SunnySD on LibraryThing More than 1 year ago
The appearance of a new island smack dab between Ankh-Morpork and neighboring Al-Kahli might be just a simple matter of geography for some, but an uneasy ocean wind is blowing over the streets of Ankh-Morkpork spreading patriotism and martial fervor. Sam Vimes knows something's up - he can smell it. But what's a simple officer of the city watch to do in the face of determined aristocratic insanity? A policeman's job, of course.With Pratchett, it's never a dull moment.
asciiphil on LibraryThing More than 1 year ago
There are so many different Discworld novels that it becomes difficult to write separately about each one, due to the similarities among them. I don't mean that in a bad way; the books are certainly distinct from each other, too. It's just that the things that keep me coming back to the series--the characters, the storytelling, the humor--are present in all of the books.Nevertheless, Jingo tells its own story. In this book, Pratchett has set his satirical sights on war, with the assistance of Ankh-Morpork's City Watch. As usual with a City Watch book, there's a crime to be dealt with (two crimes, if you count the war itself), specifically an assassination attempt. Chasing these crimes leads Vimes and his men out of Ankh-Morpork, past the newly-risen island of Leshp (gotta have something to fight over, after all), and into the wilds of Klatch, which is certainly not based on the Middle East. :)
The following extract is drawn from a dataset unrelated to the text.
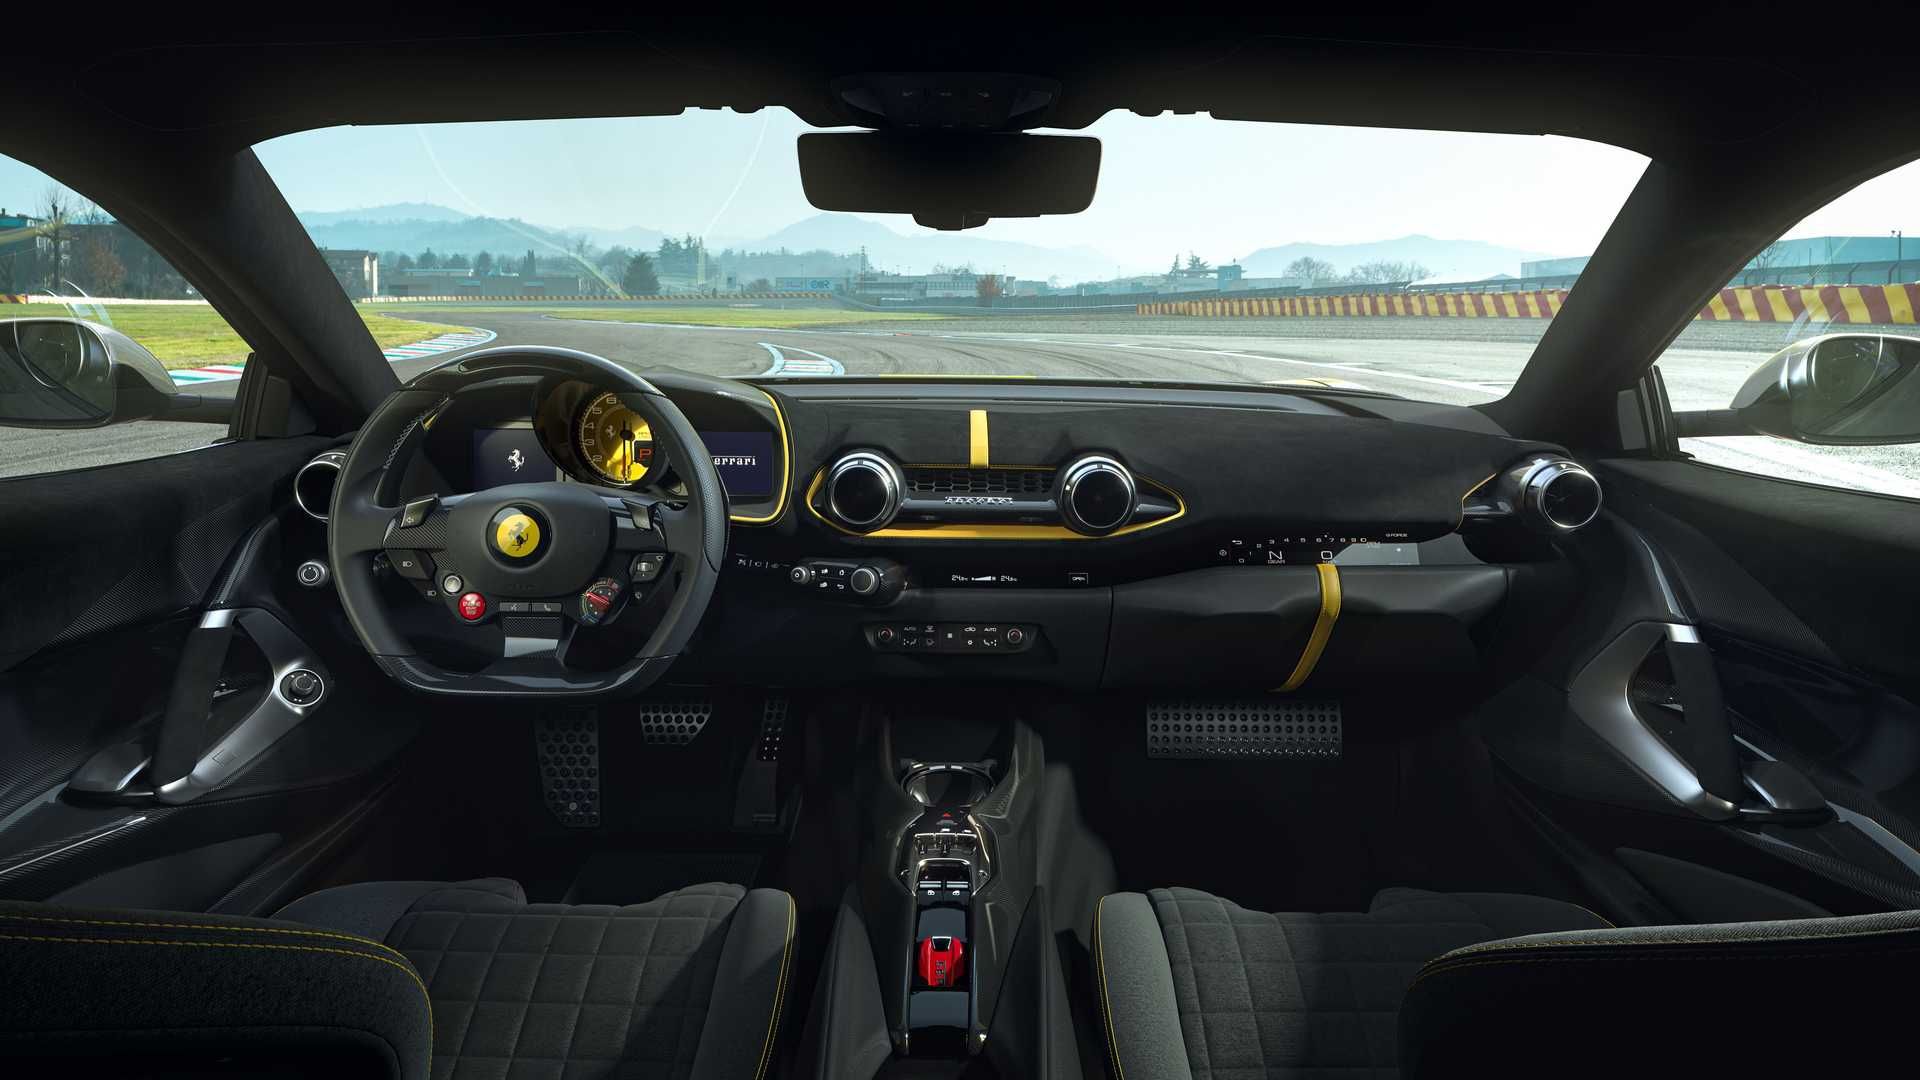 مرجع متخصصين ايران Ferrari 812 Competizione  فراري 812 كامپتزيونه نماي داخلي

Katya0133 on LibraryThing More than 1 year ago
Funny yet poignant, as always.
lorelorn_2007 on LibraryThing More than 1 year ago
Another excellent tale of the Ankh-Morpork watch, this one involving the 'trousers of time' that pops up from time to time in Pratchett's novels.
benfulton on LibraryThing More than 1 year ago
We learned early in the Discworld series about the four hippopotami that guard the city gates, and the legend that if the city is ever attacked, they will run away. So when this book first came out I was hoping that it would be a real Discworld war. I was disappointed, as the battlefield never made it all the way to Ankh due to the heroic efforts of the Watch. Some people say that Terry has something to say and doesn't worry about how it's said, but I disagree. If this book is based on Iraq and Afghanistan, others are based on Shakespeare plays, and still others fall into the general "Save the Disc from 21st Century pop culture". So I have no complaints on that score. But if you haven't read every Discworld book past Mort, you're missing out.
jgv6442 on LibraryThing More than 1 year ago
Of all the facets of the Discworld series the books dealing with The Watch have been particular favorites of mine. This one is no different. Commander Vimes, Captian Carrot, even Fred and Nobby are such wonderful characters and here they really get to shine as they are thrust into an unfamiliar environment as they try to stop a war. It was a particularly interesting experience reading this story about impending war between Ankh-Morpork and their decidedly Arabian neighbor of Klatch given the real world situation in the Middle East. I'd almost think the book had been written as a satire of current events if not for the fact that it was first published in 1998. Jingo is yet another fantastic entry in the Discworld series.
Crowyhead on LibraryThing More than 1 year ago
Sam Vimes is such a great character, and just about every book he's in is fabulous. This one tackles war and colonialism in true Pratchett fashion.